Одной из особенностей созданной Рудольфом Штейнером духовной науки является то, что она в гораздо меньшей степени (и даже в порядке исключения) усваивается с помощью традиционно–духоведческих средств, чем средств, асимметричных ей или даже на внешний взгляд неадекватных. Совсем не легко найти путь к антропософии, если читать штейнеровскую «Теософию» после, скажем, «Тайной доктрины» Блаватской. Напротив, было бы недоразумением не увидеть в «Теософии» имманентное продолжение и завершение «Антропогении» Эрнста Геккеля. Беря другой пример: с миром духовной науки Штейнера осваиваются надежнее через нигилиста Штирнера, чем через идеалиста Гегеля. От Гегеля можно скорее достать до Плотина, Платона или даже до–сократиков, чем до антропософии. Здесь открываются перспективы, неожиданность которых объясняется тем, что они возникают не из традиции, а из спонтанностей понимания и присутствия духа.
2.
Можно ли, будучи антропософом, воздать должное философу Сартру,
столетие со дня рождения которого празднуется в этом году? Допустив, что быть антропософом как раз не значит: вариться в собственном (антропософском) соку, осыпая упреками, а то и вовсе обходя молчанием философов, не удосужившихся заметить Рудольфа Штейнера. Антропософ не упрекает и не замалчивает, то есть, он как раз не делает того, что по обыкновению делают с ним. Напротив, он с повышенным интересом фиксирует молчание философов вокруг мира мыслей антропософии. В понимании причин этого молчания он надеется даже узнать о философах больше, чем из их изощренных дискурсов. Молчание, которым философы обходят философские и антропософские труды Штейнера, имело бы смысл, будь названные трудычастным мировоззрением, а не вместе с тем и фактором мира, присутствие и воздействие которого не делается слабее оттого, что его не замечают или, замечая, ни во что ни ставят. Философы вольны не знать Рудольфа Штейнера. Для антропософа интересно не то, как философы — nomina sunt gloriosa — относятся к антропософии, а насколько завуалированно, деформированно, карикатурно опознается антропософия в изломах их мысли.В заключительной главе штейнеровских «Загадок философии» («Кратко изложенный обзор антропософии») мы читаем[60]

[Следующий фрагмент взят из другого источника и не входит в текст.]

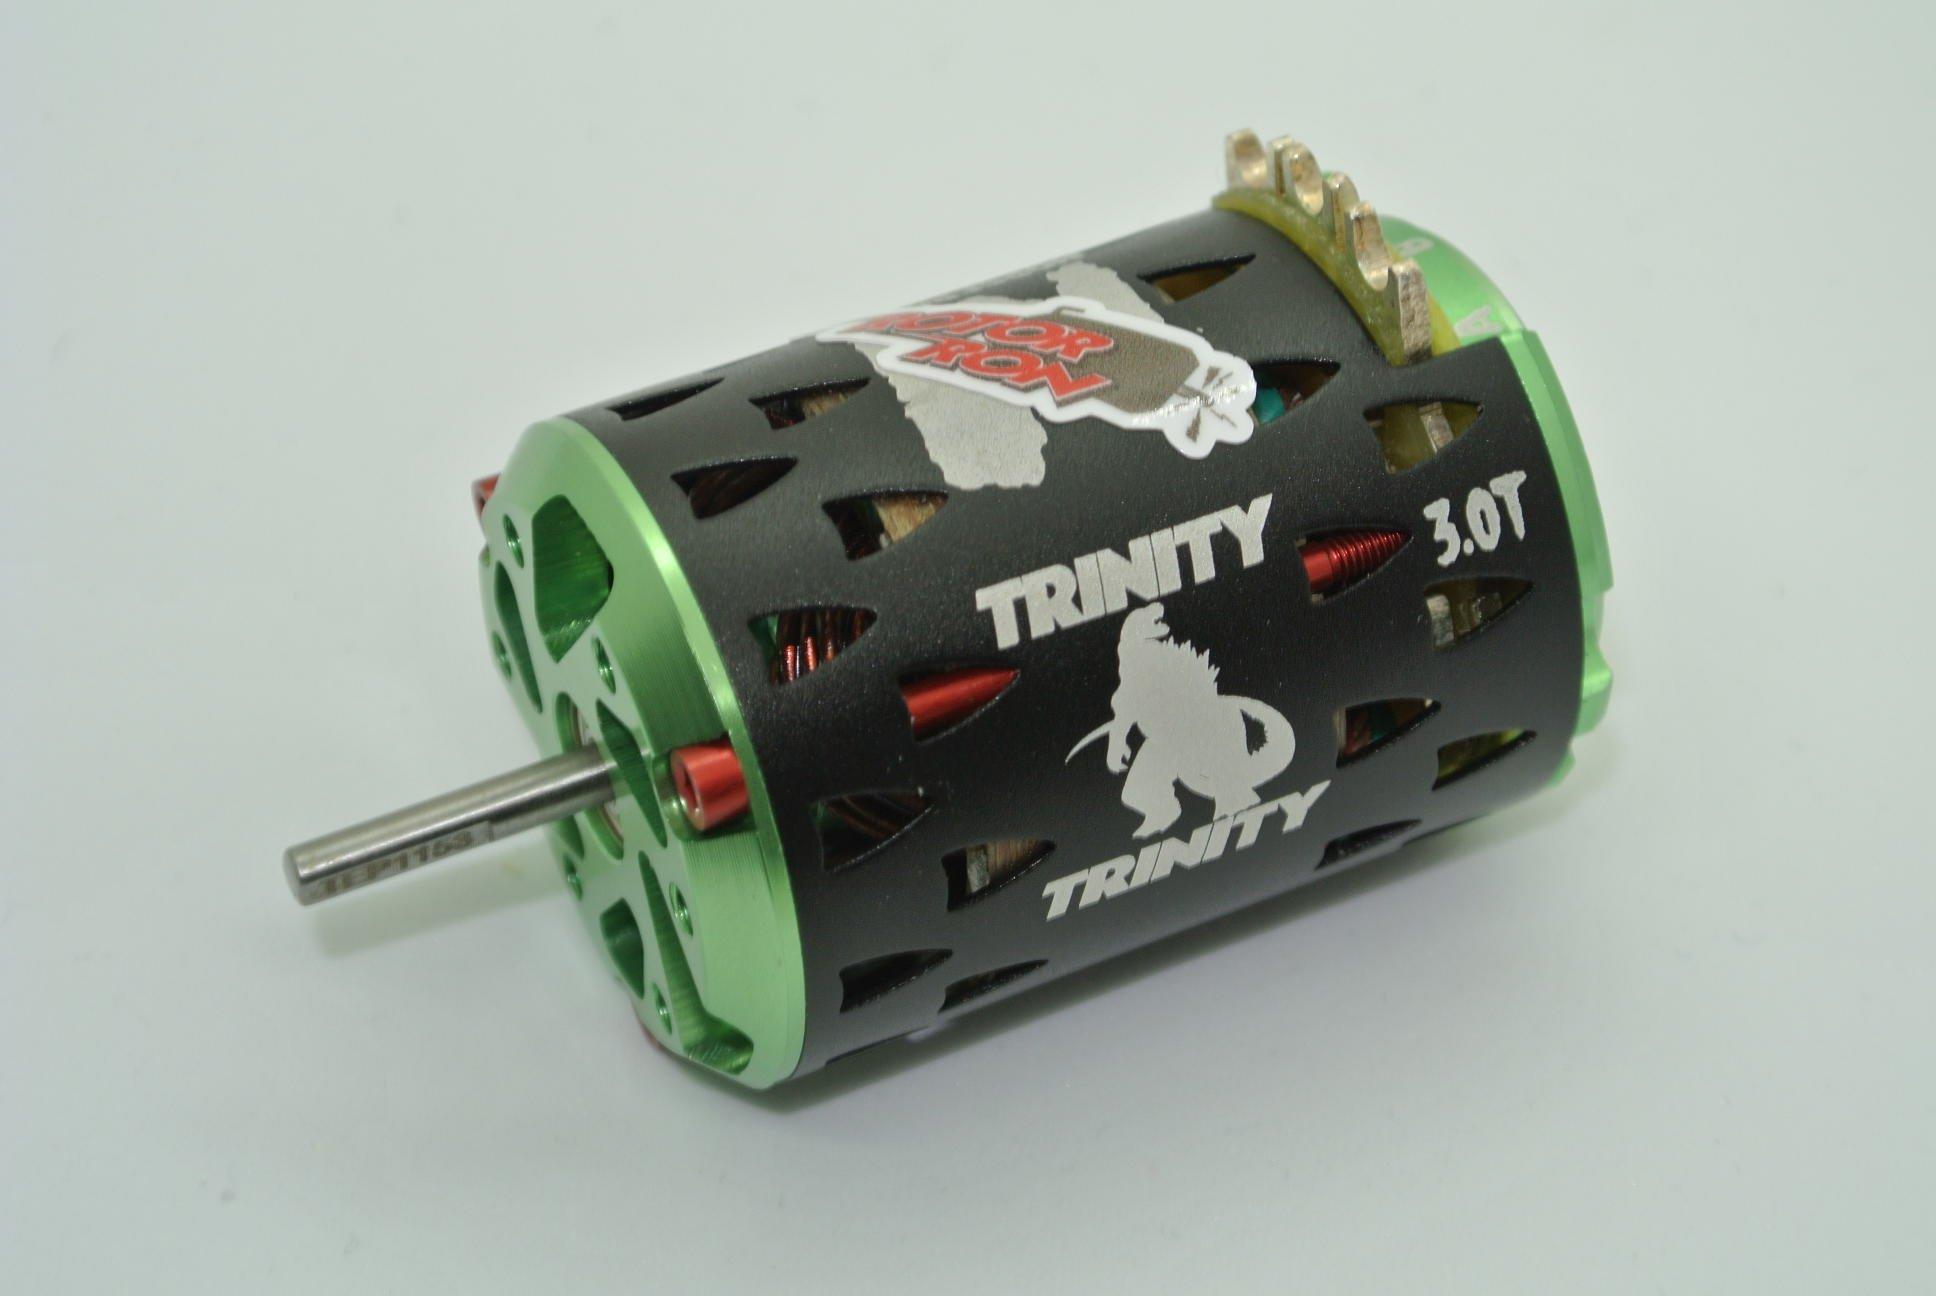 Trinity monster max 3 0 turn upgraded tuned mod drag racing brushless motor
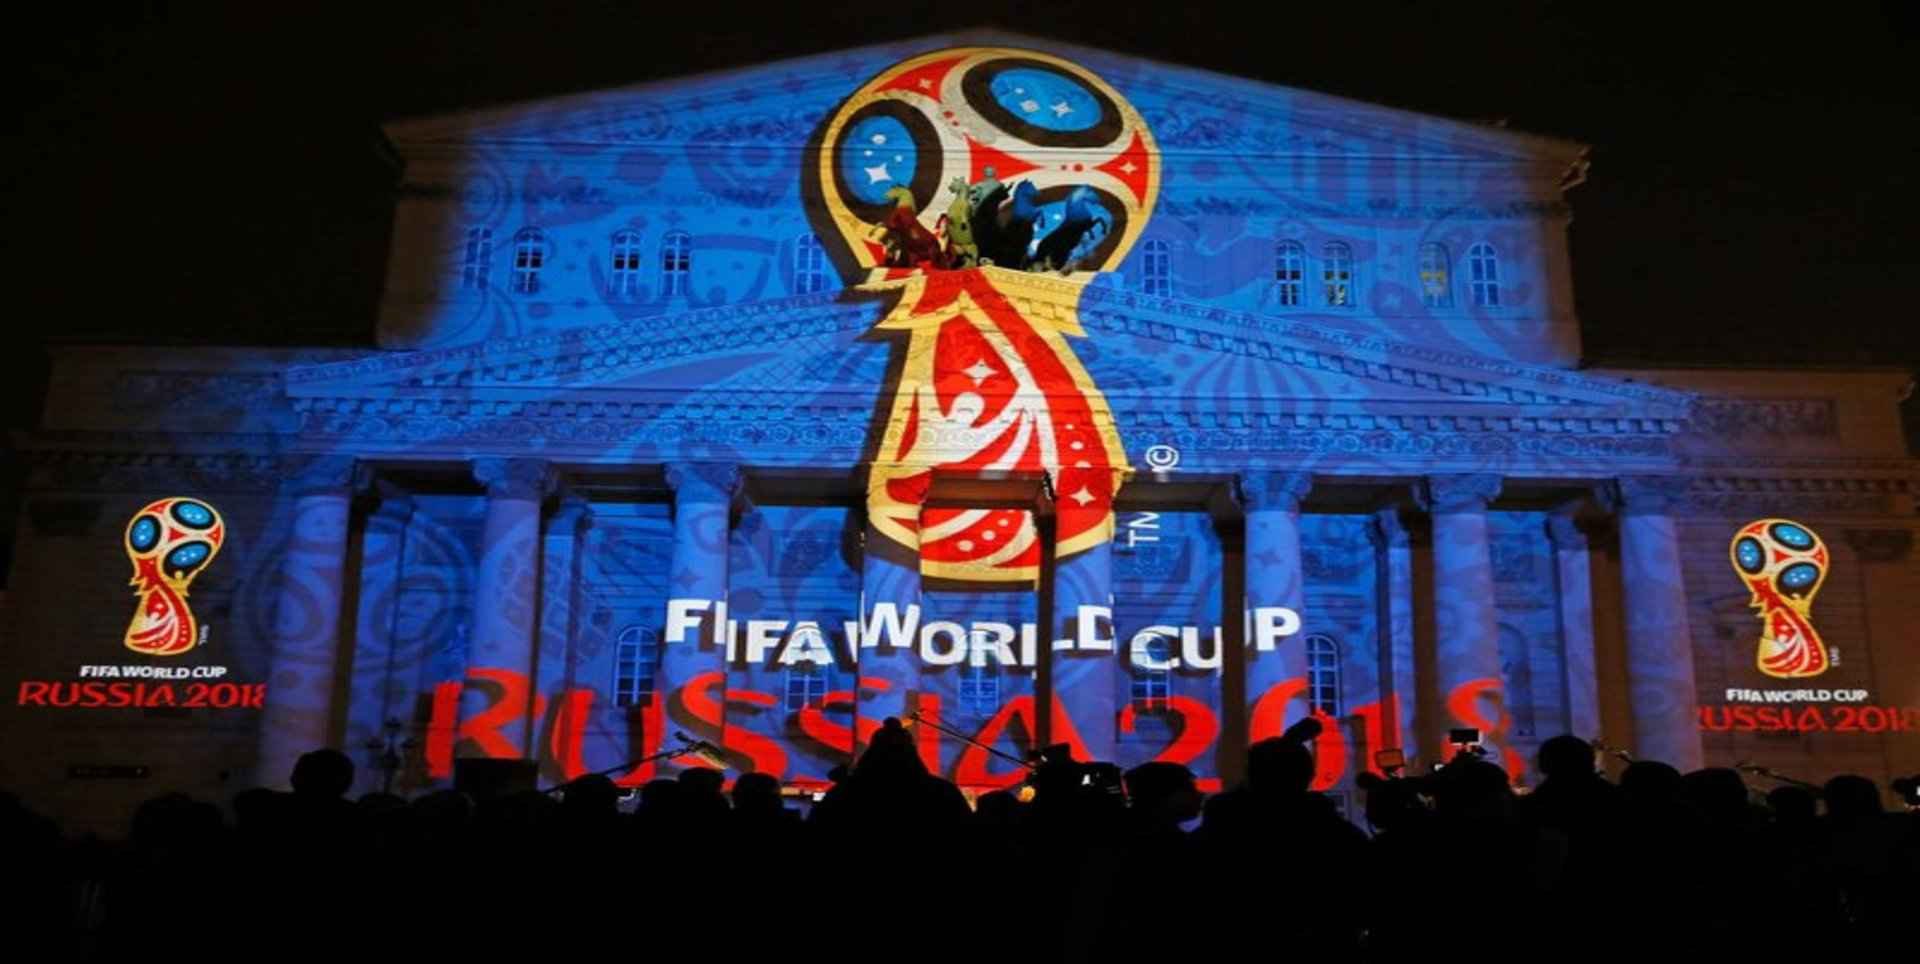 FIFA WC Israel VS Spain Live

: «При рассмотрении формирования философских мировоззрений от античности до нашего времени в устремлениях и поисках мыслителей обнаруживаются глубинные течения, которые не находят у них осознанного и полного выражения, а пребывают в них сугубо инстинктивно. В этих течениях есть действенные силы, которые дают идеям направление, зачастую и форму, однако, как таковые остаются скрытыми от ищущего духовного взгляда этих мыслителей. Изложение в их сочинениях часто производит такое впечатление, будто их авторы движимы скрытыми силами, не внушающими им доверия и даже отпугивающими их. […] То, что утверждается в этих мыслительных мирах, есть выражение познавательных сил, которые — пусть неосознанно — владеют философами, не находя, однако, какого–либо сознательного развития в их идейных конструкциях».4.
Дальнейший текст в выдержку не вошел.